The following blog post is a self-reminder for troubleshooting Linux distros when access to graphical mode is not possible.

I recently messed up the SELinux configuration on a Fedora distro while trying to relabel the filesystem on boot with this command:

fixfiles -B onboot

After running the command and restarting the OS, the relabeling process was failing repeatedly, leading my system to an infinite reboot loop.

Fixing a messed-up SELinux configuration
Picture by the Electronic Frontier Foundation under CC BY 2.0 license

To fix this issue, I had to boot into text-only mode and change the SELinux mode temporarily from Enforced to Disabled.
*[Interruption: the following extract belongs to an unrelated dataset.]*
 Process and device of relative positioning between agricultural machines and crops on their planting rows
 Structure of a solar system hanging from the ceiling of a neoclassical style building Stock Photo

Here are the steps to boot into text-only mode:

  1. Restart the system to access the GRUB menu.
  2. Select the kernel version that you want to boot into, then press the e key instead of Enter to edit the desired version.
  3. Scroll down until you reach the quiet parameter. Next, add a white space and number three 3 just after the quiet parameter (i.e., quiet 3). Here is a full example:
kernel /vmlinuz-2.6.9-1.667 ro root=LABEL=/ acpi=on rhgb quiet 3
  1. Press Ctrl+X to start
  2. The system will boot into the new runlevel this time only.
info

A runlevel is a number indicating what "mode" you want the system to boot into. For instance, runlevel 3 is text-only mode, while runlevel 5 refers to graphical mode.